=== Begin Enclosure ===

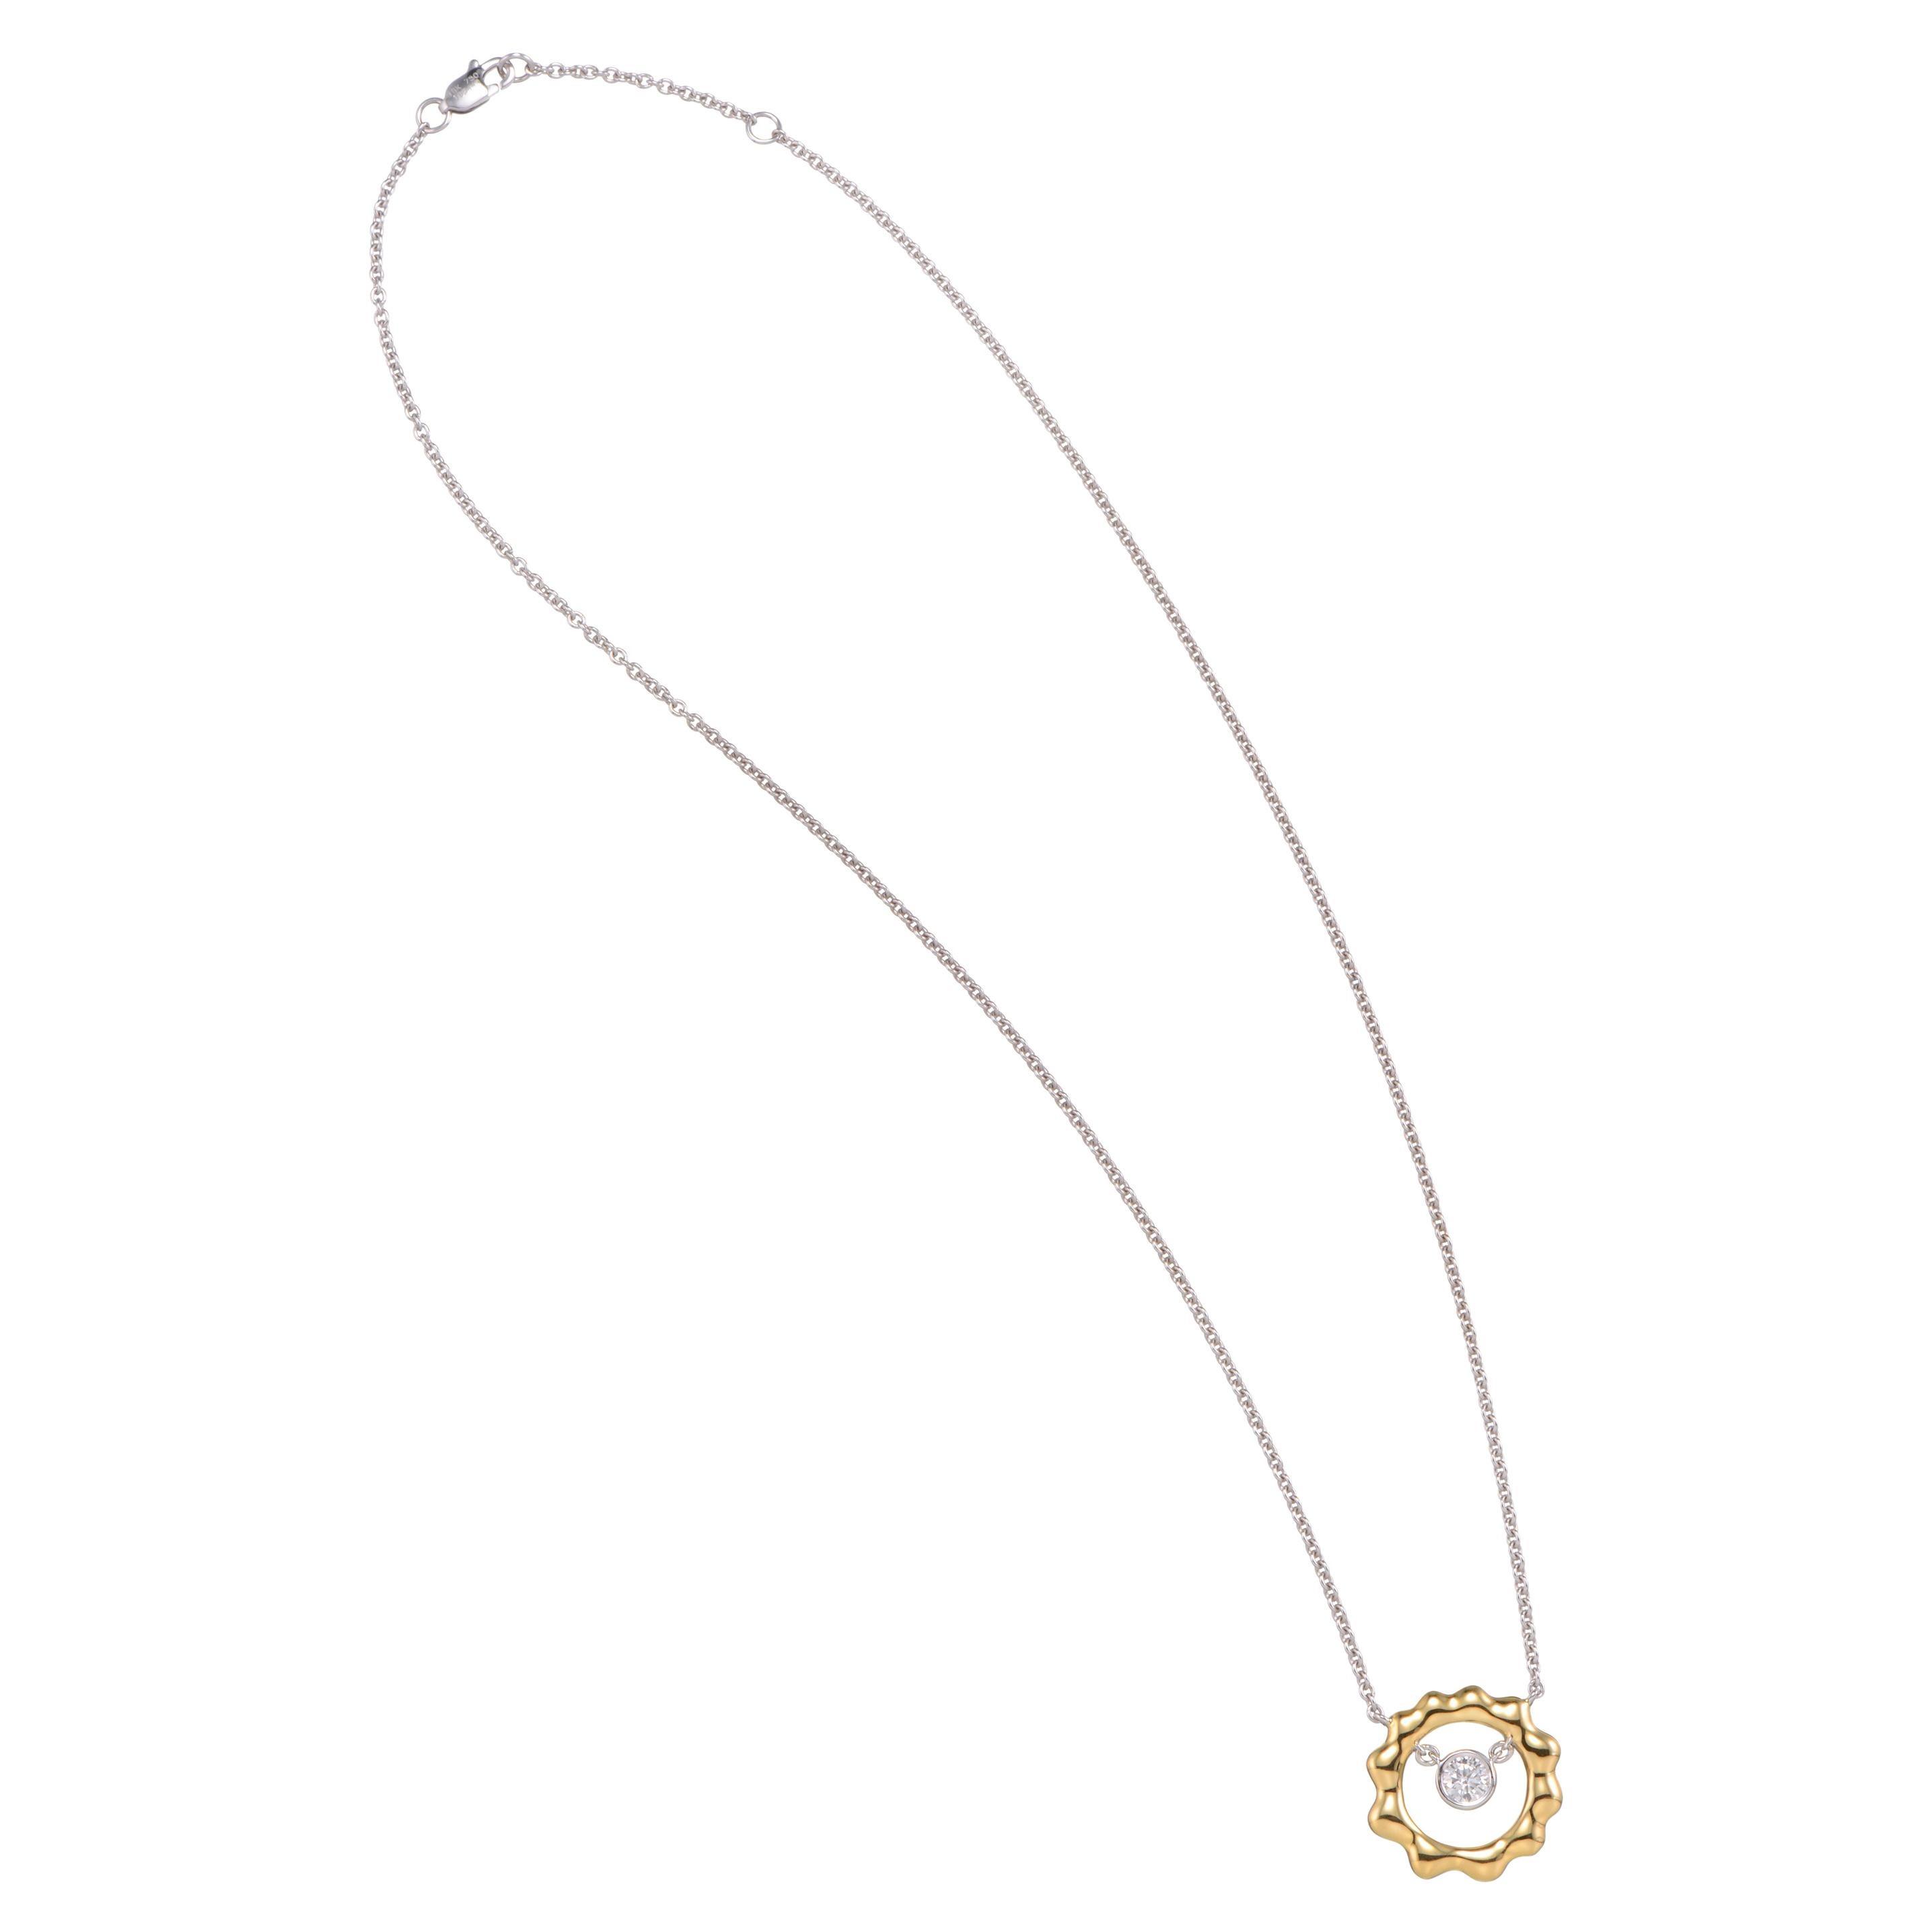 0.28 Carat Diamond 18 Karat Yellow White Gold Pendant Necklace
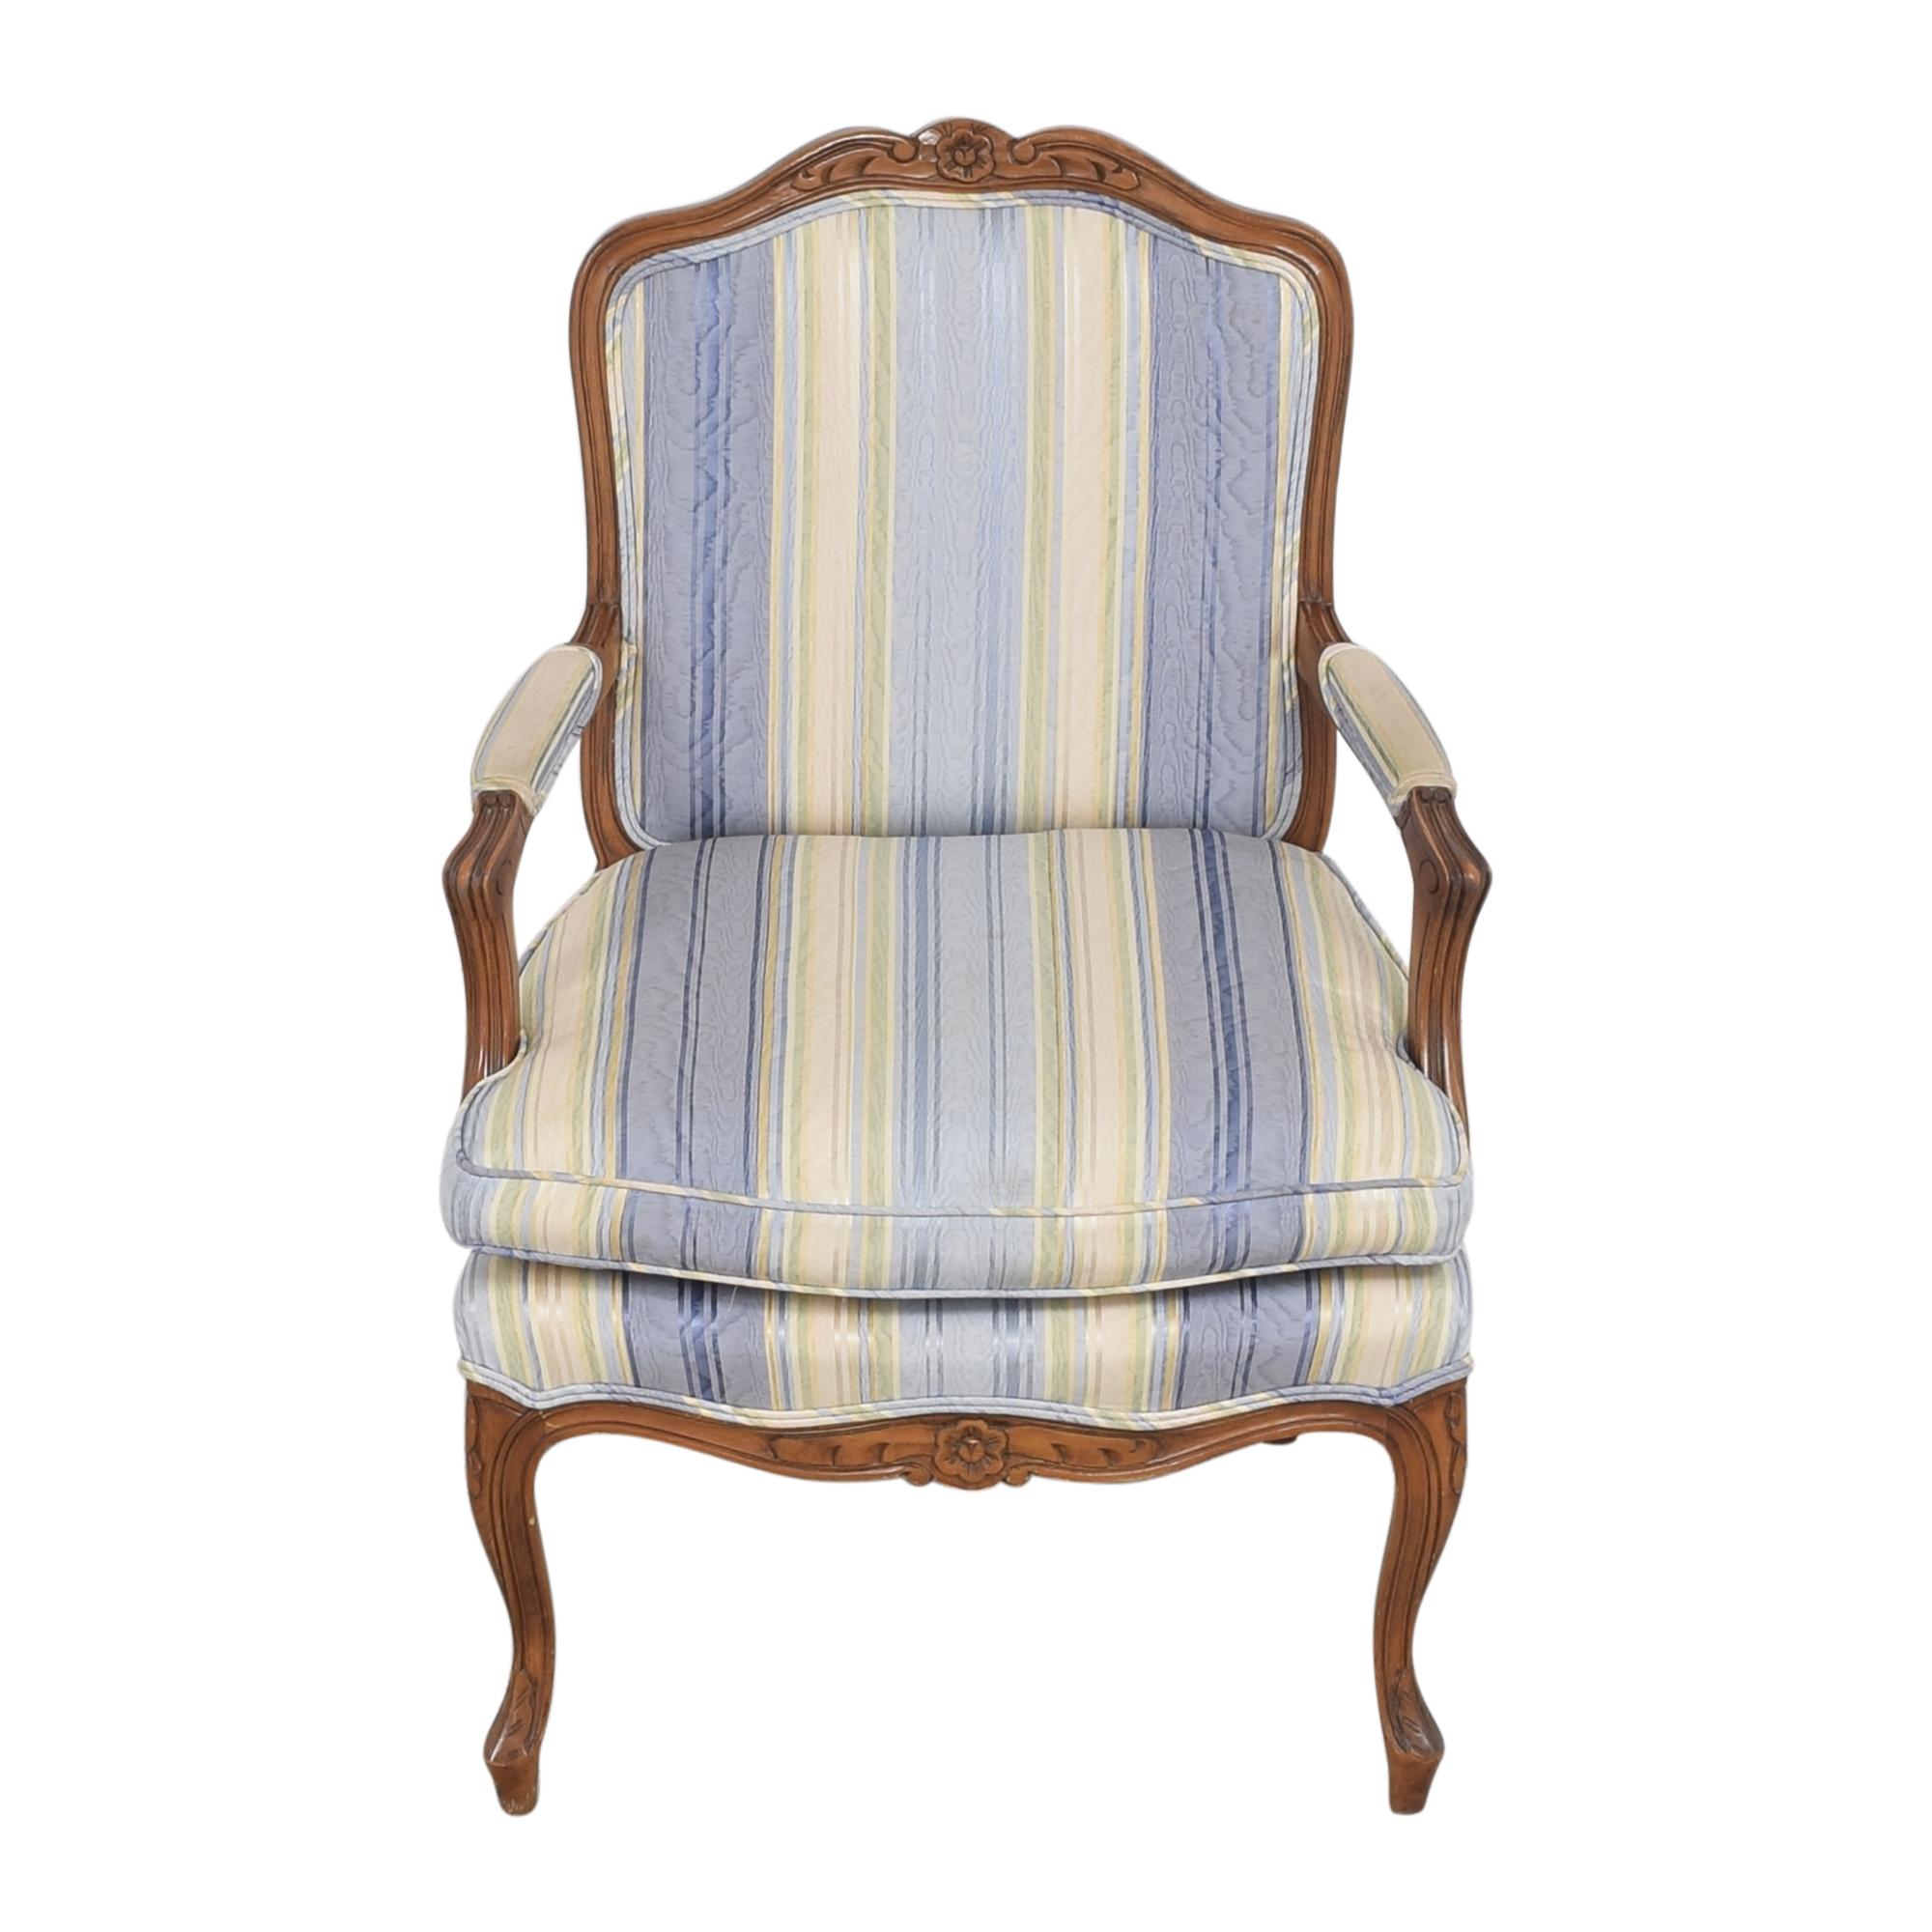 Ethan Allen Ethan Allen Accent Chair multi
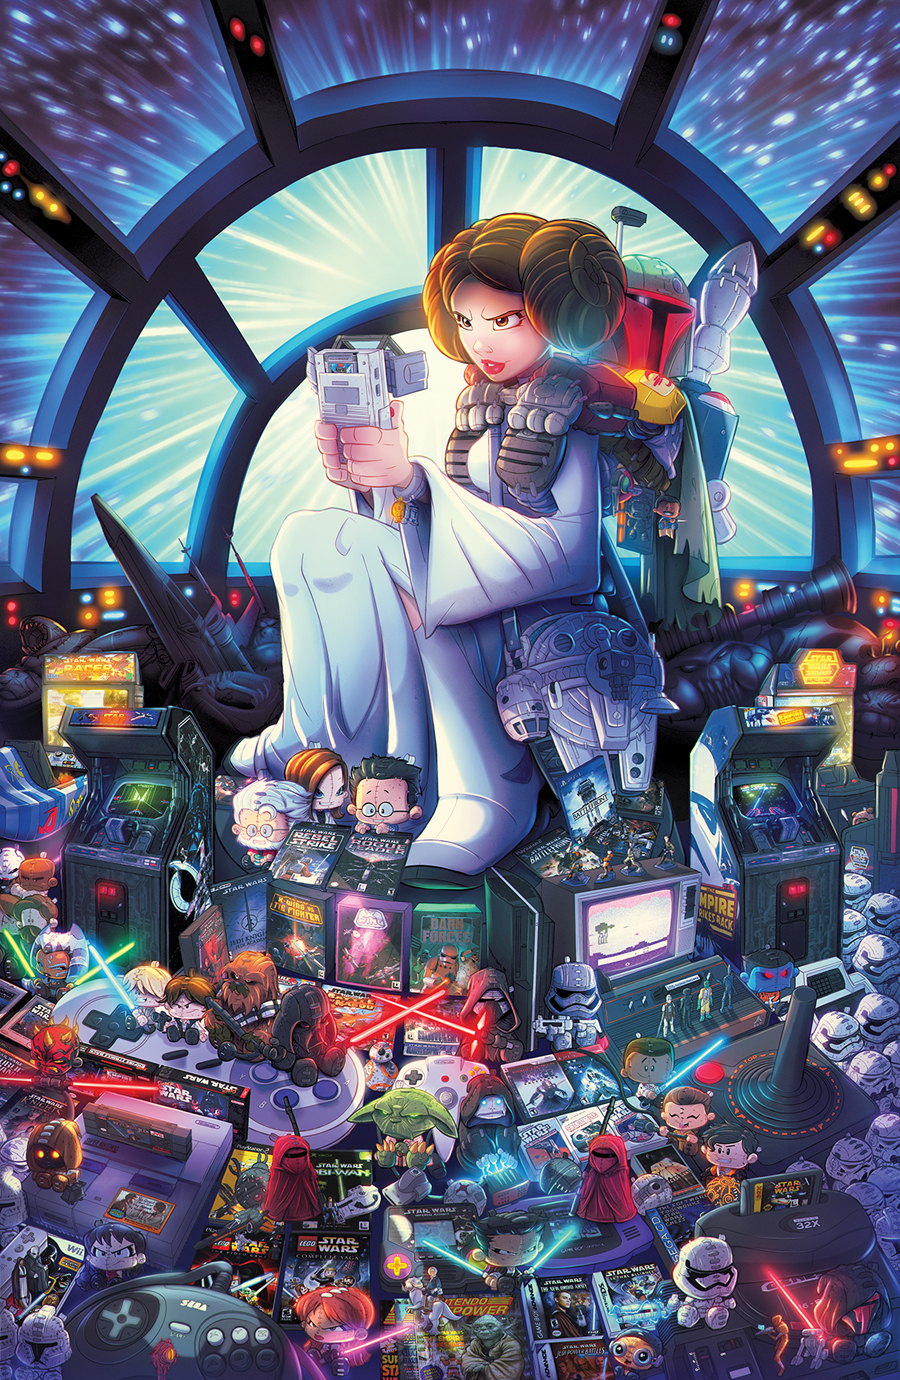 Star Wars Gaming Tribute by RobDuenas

=== End Enclosure ===

What this task involves —
Transcribe the listing above in full. Pictures are not part of the copy.

Response area —
 0.28 Carat Diamond 18 Karat Yellow White Gold Pendant Necklace
 Ethan Allen Ethan Allen Accent Chair multi
 Star Wars Gaming Tribute by RobDuenas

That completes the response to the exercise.